CAT(0) geometry for the Thompson Group

TL;DR

This paper explores the CAT(0) geometric structure of Thompson's group F, revealing its elements' parabolic nature, explicit translation lengths, existence of flats of all dimensions, and complex boundary regions, thus advancing understanding of its geometric properties.

Contribution

It provides explicit formulas for translation lengths, constructs flats of arbitrary dimension, and solves open problems related to the CAT(0) geometry of Thompson's group F.

Findings

Thompson's group elements are parabolic in the CAT(0) model.

Explicit formulas for CAT(0) translation lengths are derived.
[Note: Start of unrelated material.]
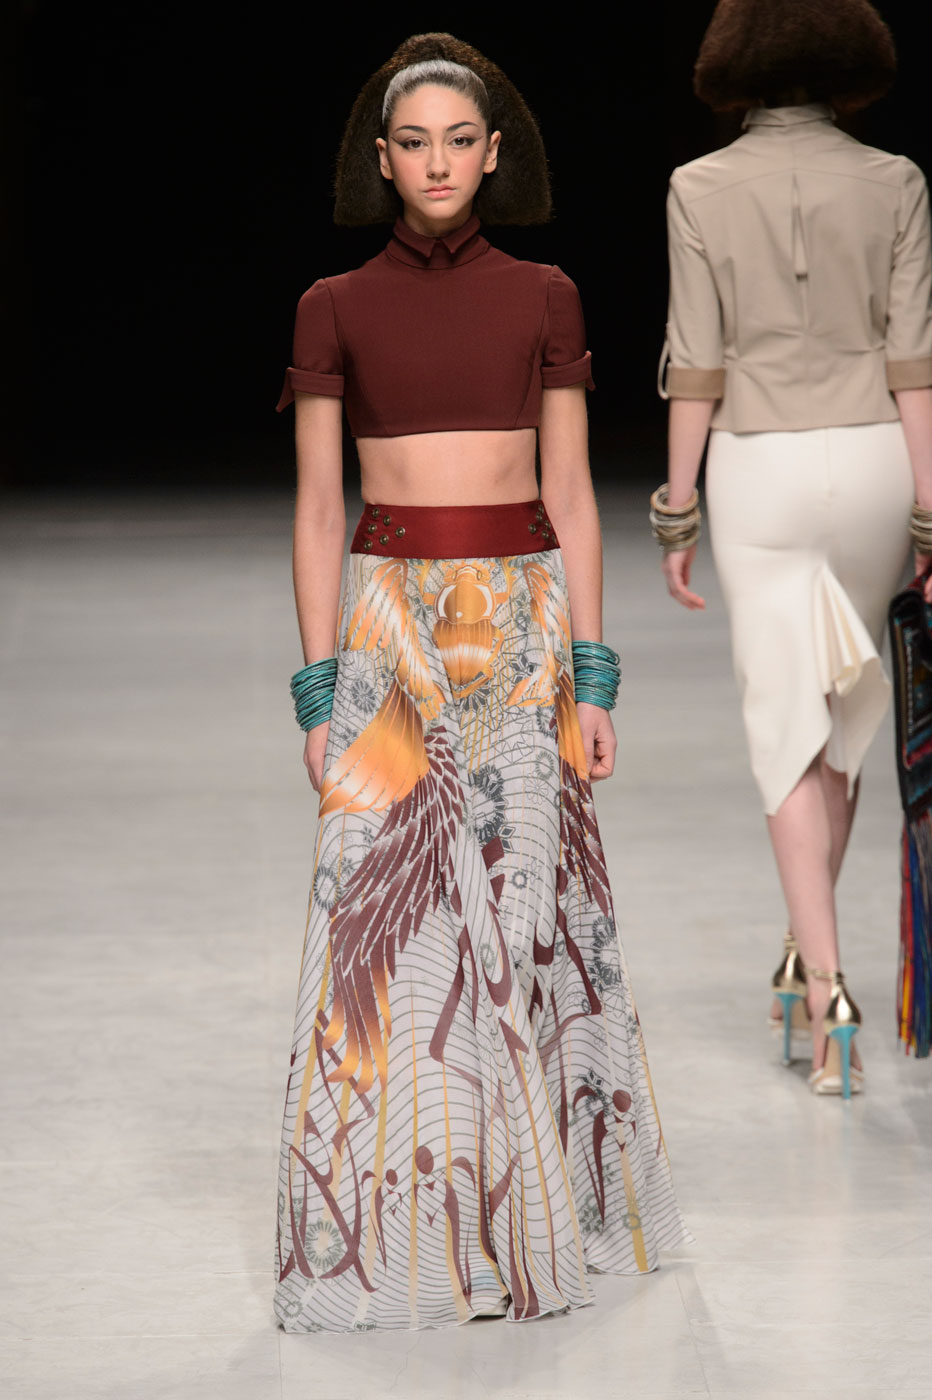 Julien-Fournie-Prive-fashion-runway-show-haute-couture-paris-spring-2015-the-impression-16

Existence of flats of any dimension and complex boundary regions is demonstrated.

Abstract

We investigate Farley's CAT(0) cubical model for Thompson's group F (we adopt the classical language of F, using binary trees and piecewise linear maps). Main results include: in general, Thompson's group elements are parabolic; we find simple, exact formulas for the CAT(0) translation lengths, in particular the elements of F are ballistic and uniformly bounded away from zero; there exist flats of any dimension and we construct explicitly many of them; we reveal large regions in the Tits Boundary, for example the positive part of a non-separable Hilbert sphere, but also more complicated objects. En route, we solve several open problems proposed in Farley's papers.